For certain cancer patients, probe feeding is the only way they can ingest nutrients. People who have been treated for head and neck tumours, or people with esophagus cancer, as well as people who suffer from diminished appetite are all dependen on probe feeding, but for Belgian patients who undergo home treatment this means that they have to pay for it themselves. The cost can amount to 900 euros a month. Flemish cancer fundraising organisation Kom op tegen Kanker thinks this is umacceptable. “Don’t let cancer patients bear this financial burden on top of their illness.”
Patients who undergo their treatment inside a hospital do not have to pay a thing: all food is included and fully covered by insurance. But when a patient is treated at home and becomes dependent on a feeding tube things change dramatically.
The RIZIV (Rijksinstituut voor Ziekte en Invaliditeitsverzekering, National Institute for Health and Invalidity Insurance) only foots part of the bill, leaving the patient with between 240 and 900 euro out of pocket per month. Kom op tegen Kanker thinks this is unacceptable.
“Cancer patients who are dependent on probe feeding pay up to four times as much for food as the average Flemish person.

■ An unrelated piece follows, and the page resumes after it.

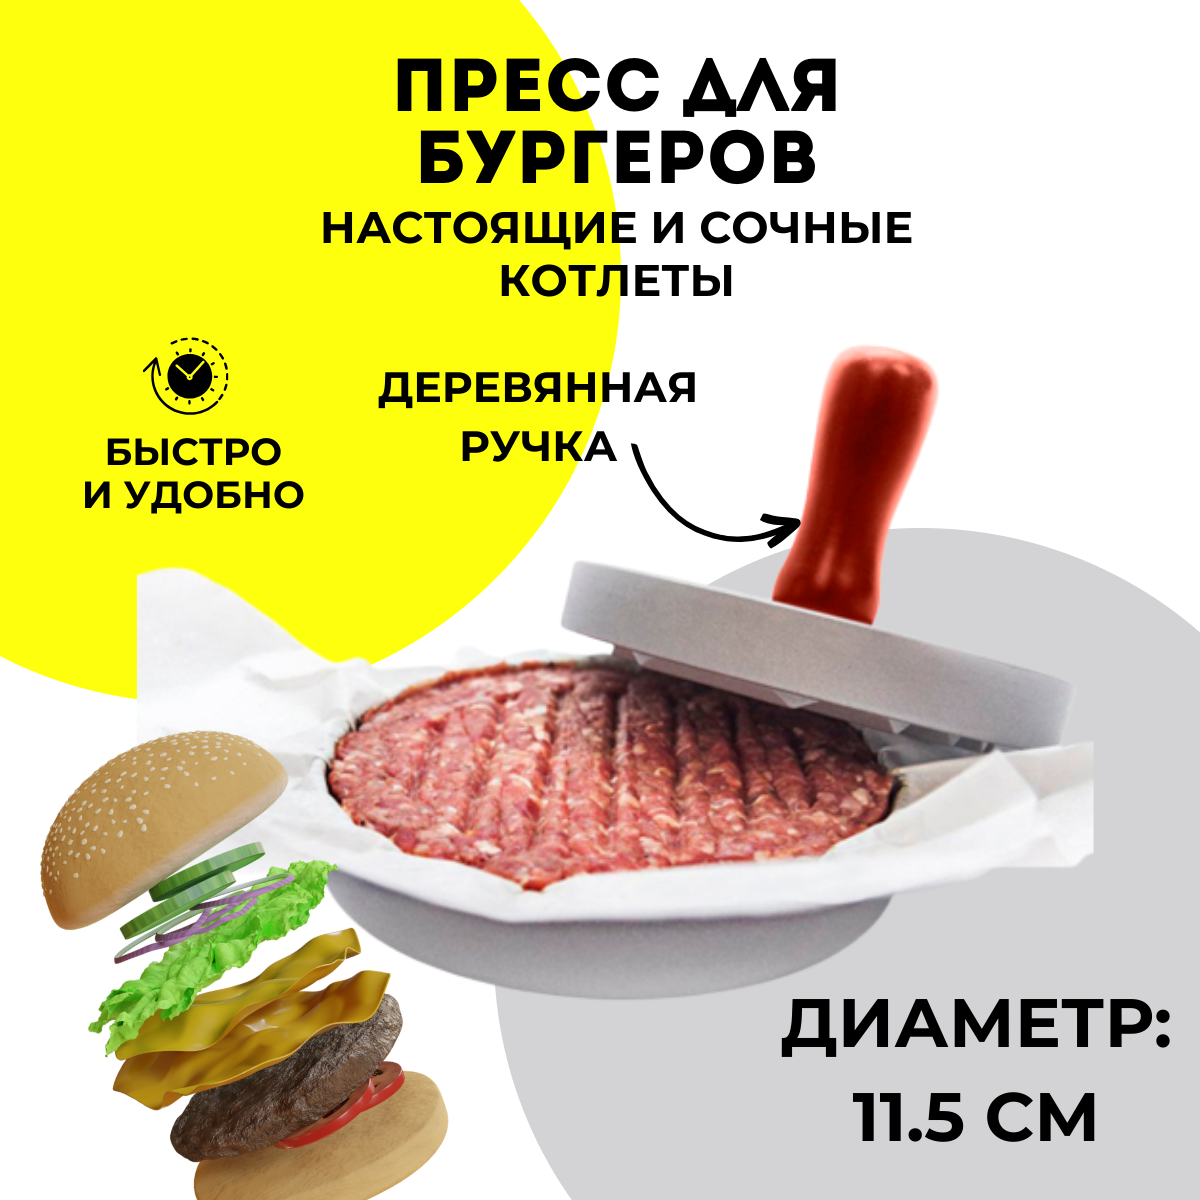 Пресс-форма URM THOT128039 для бургеров и котлет - купить в Москве, цены на Мегамаркет | 600013475027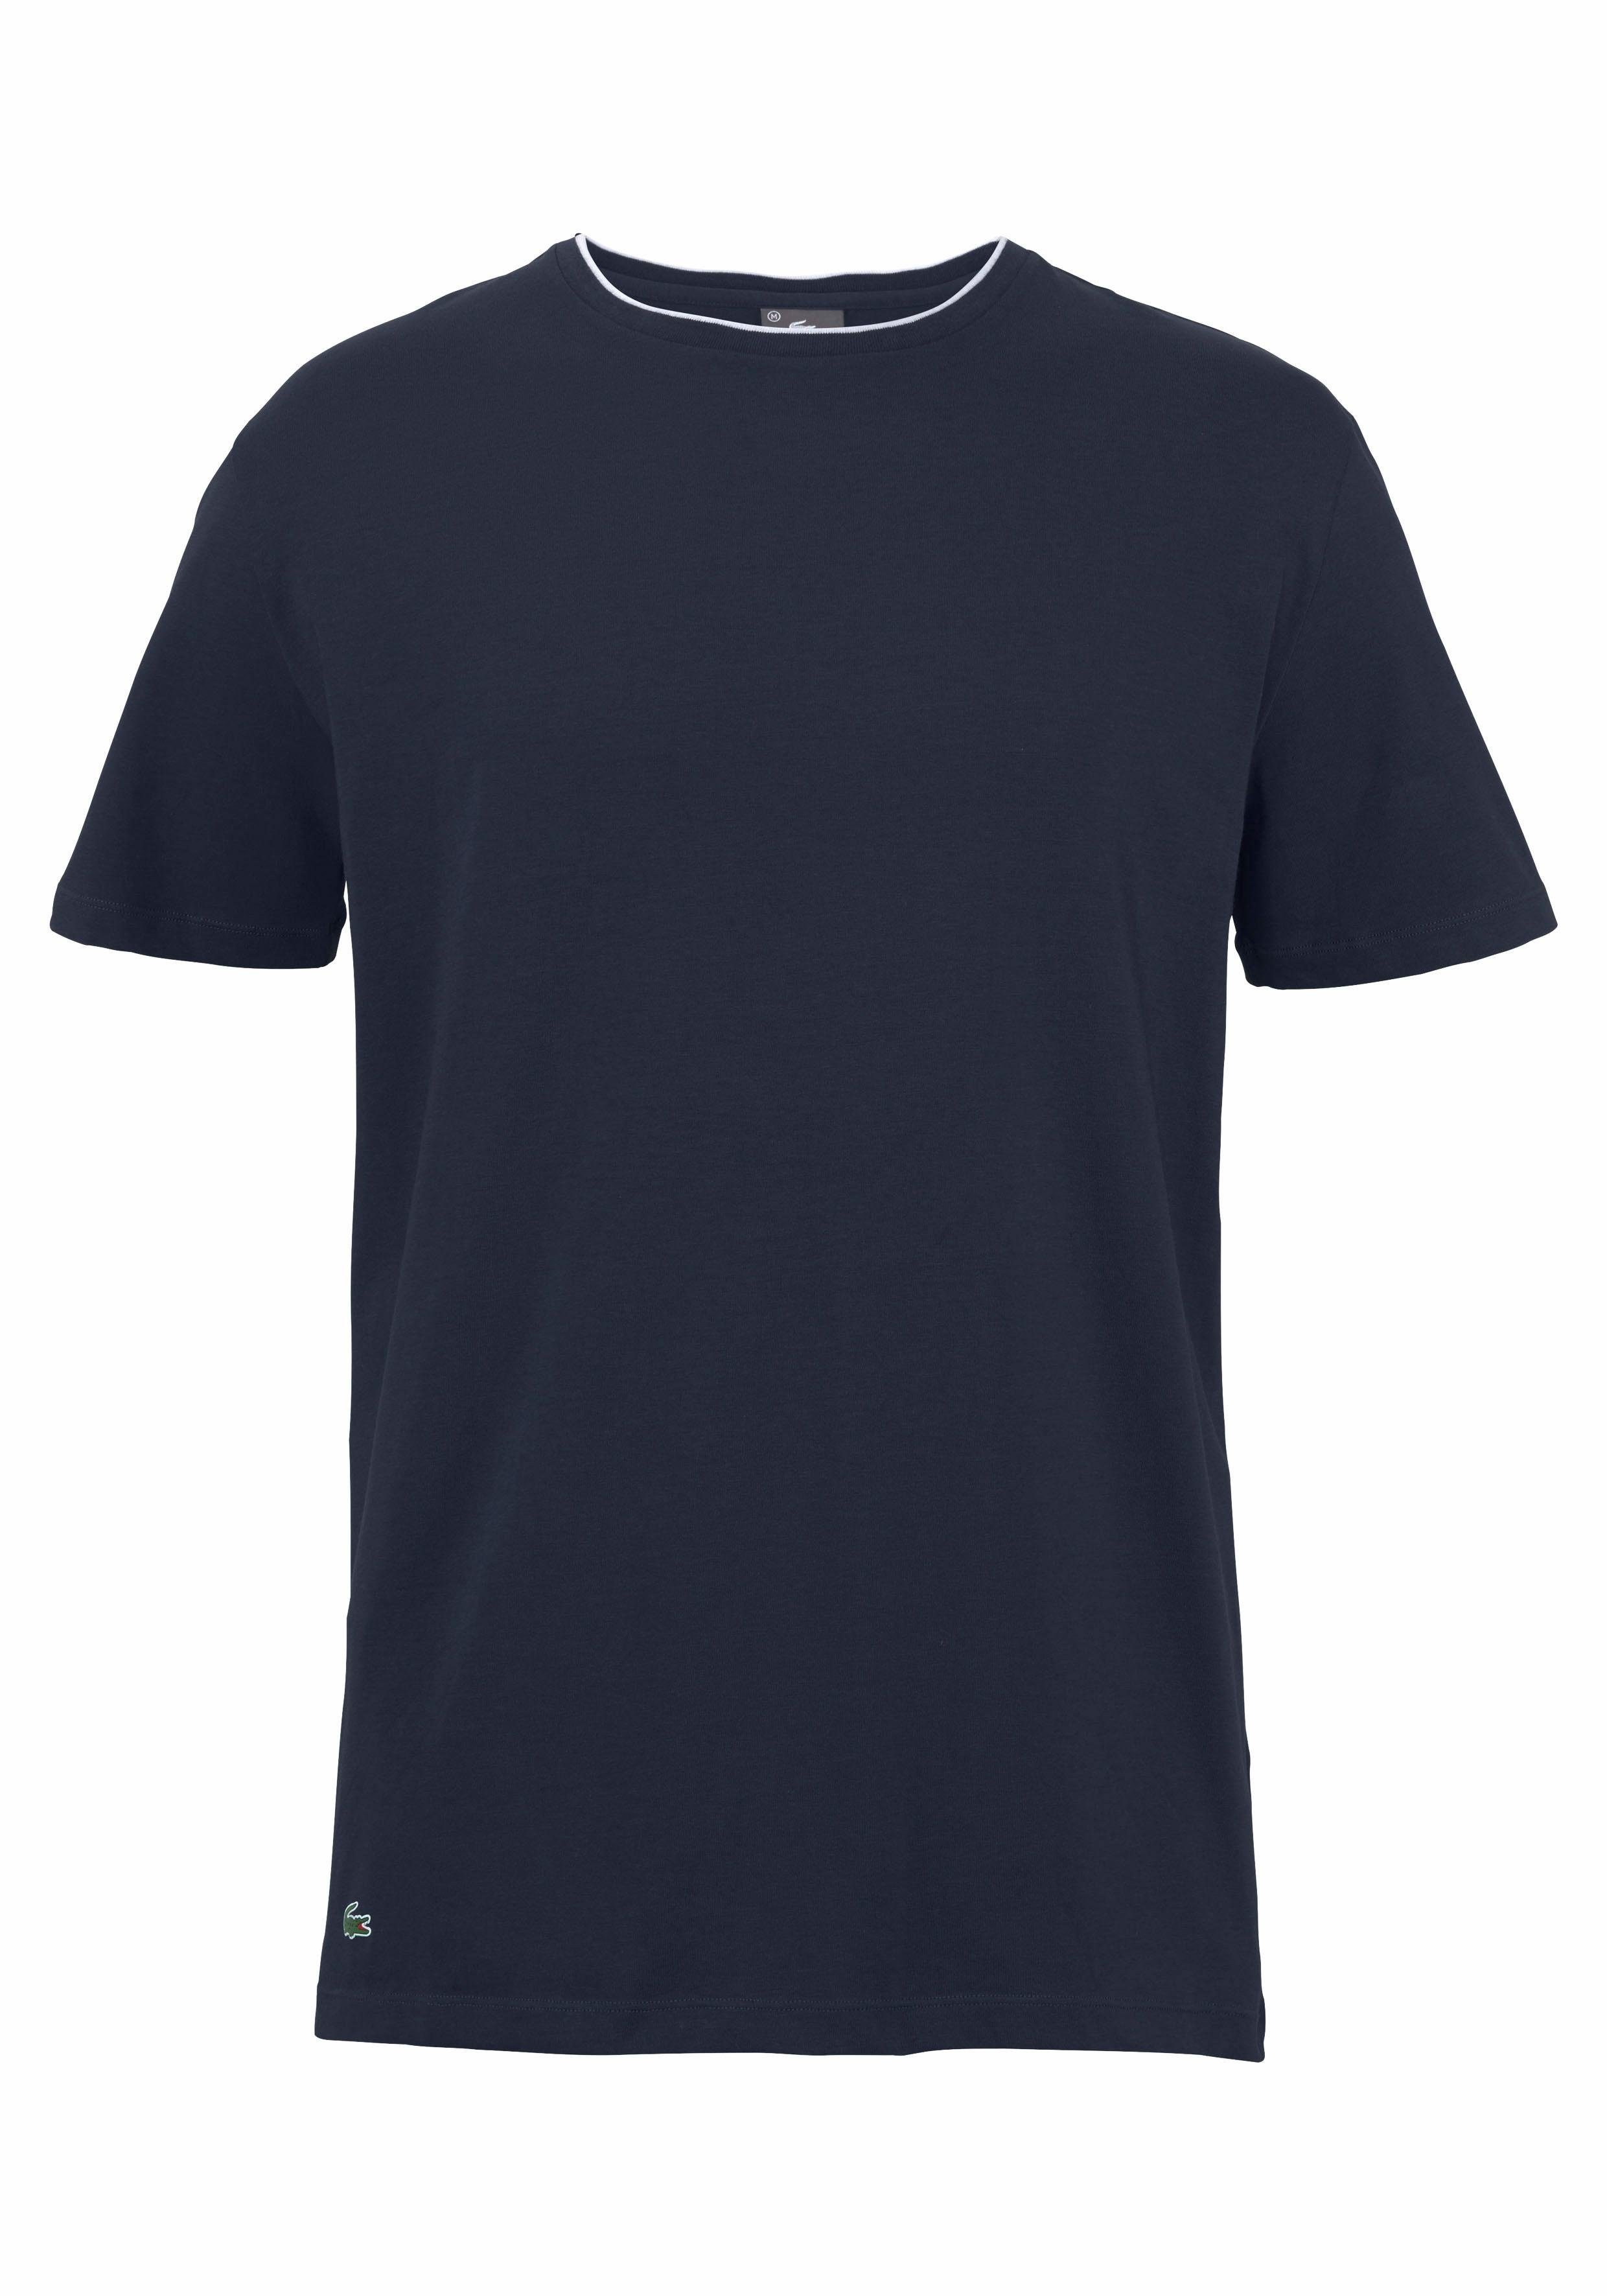 Otto - Lacoste NU 15% KORTING: Lacoste T-shirt Sleepwear

It’s out of the question that patients have to bear the financial brunt of being ill. We insist that RIZIV refunds everything above the normal expenditure for food and drink”, spokesperson Ward Rommel says. In 2018 that expenditure was 188,50 euro per person per month.
Kom op tegen Kanker also aims to lower the price that cancer patients have to pay for their probe feeding by enabling them to choose their own type of nutrition instead of only offering the type the hospital prescribes. Nutritional advice from an oncological dietician is indispensable in that case.